◆ SUPPLIED DATA:
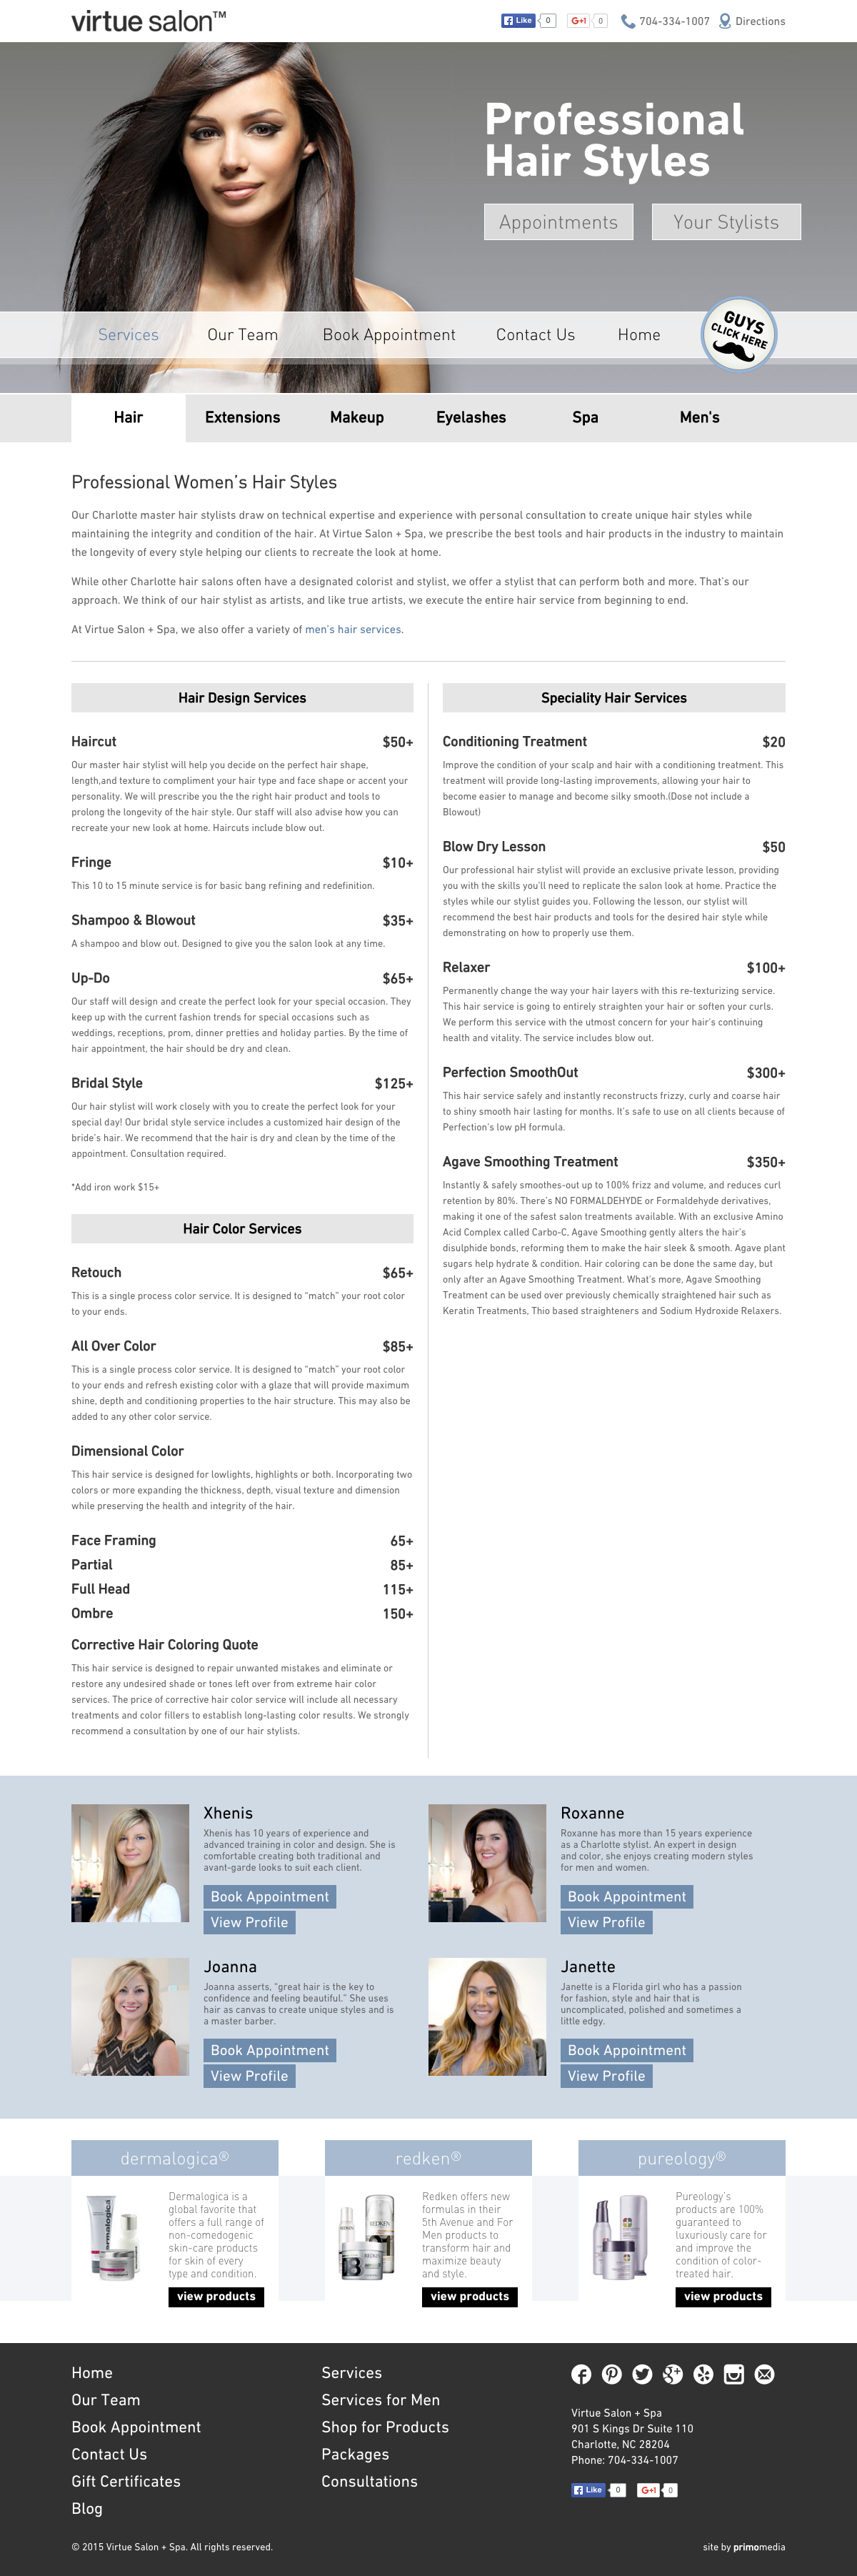 Virtue Salon wordpress Responsive
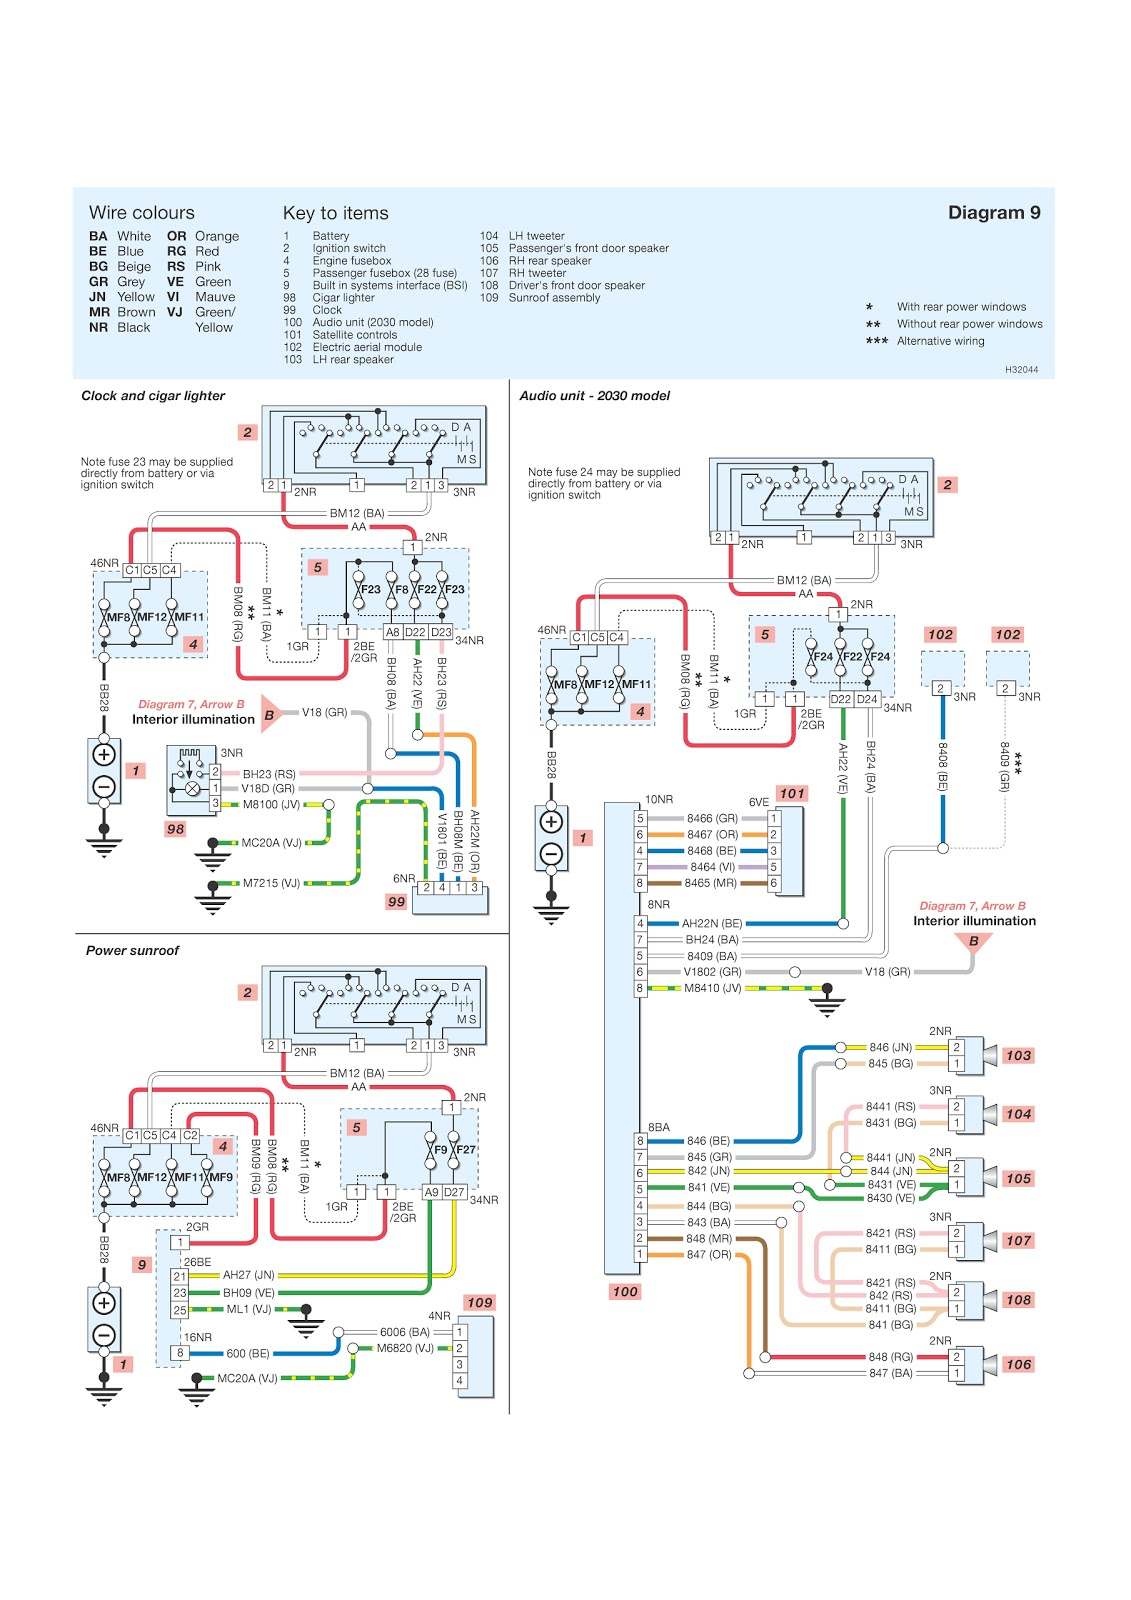 peugeot 206 system wiring diagrams clock cigar lighter [ 1131 x 1600 Pixel ]
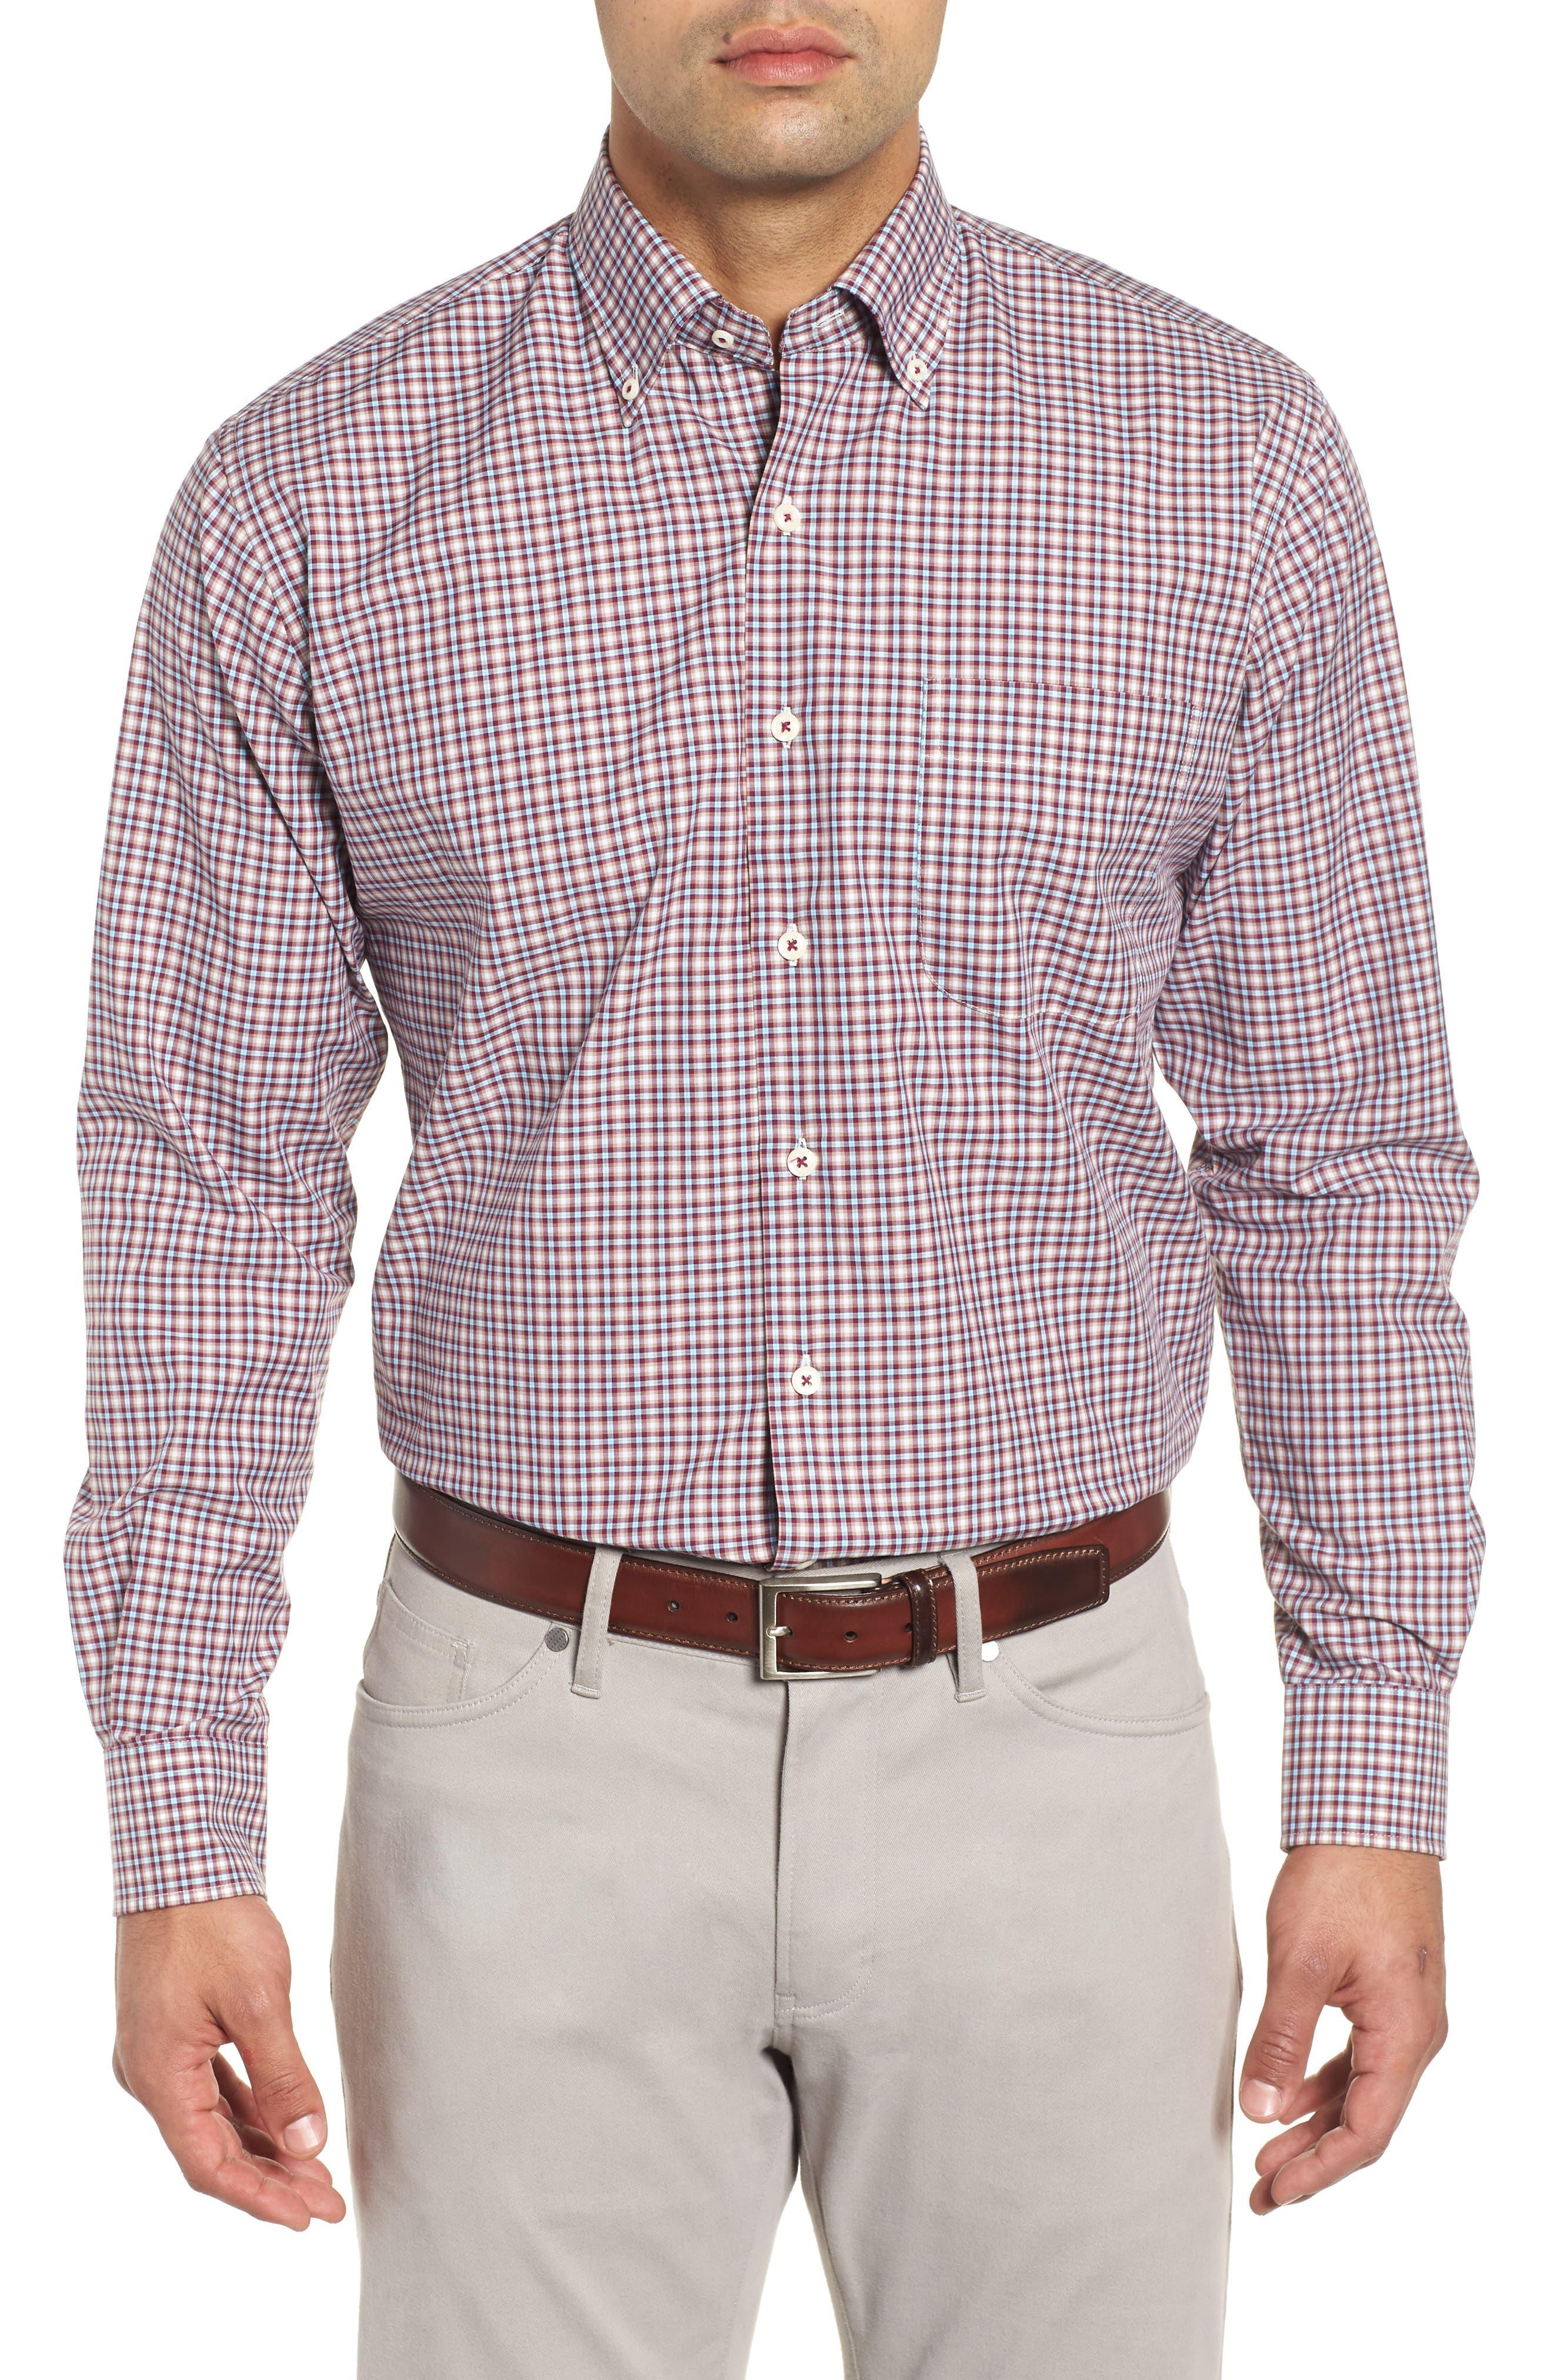 Albertville Check Sport Shirt,                         Main,                         color, WINTERBERRY
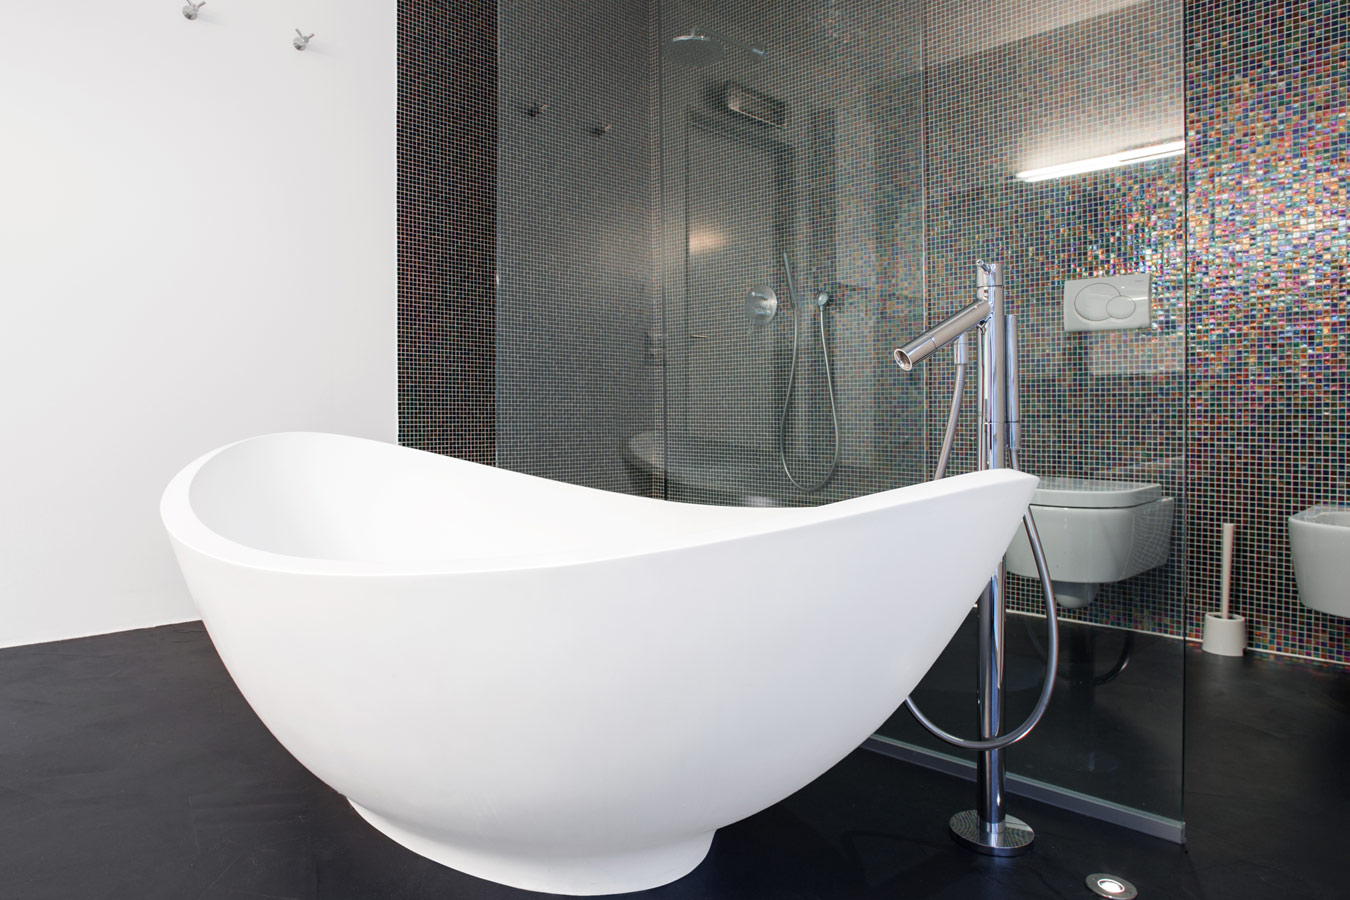 Moderne badkamers inspiratie foto 39 s en tips - Badkamer zwarte vloer ...

◆ TASK DESCRIPTION: Through to the final line, copy the material above exactly and skip the images.

◆ SOLUTION FOR THIS PROBLEM:
 Virtue Salon wordpress Responsive
 peugeot 206 system wiring diagrams clock cigar lighter [ 1131 x 1600 Pixel ]
 Albertville Check Sport Shirt,                         Main,                         color, WINTERBERRY
 Moderne badkamers inspiratie foto 39 s en tips - Badkamer zwarte vloer ...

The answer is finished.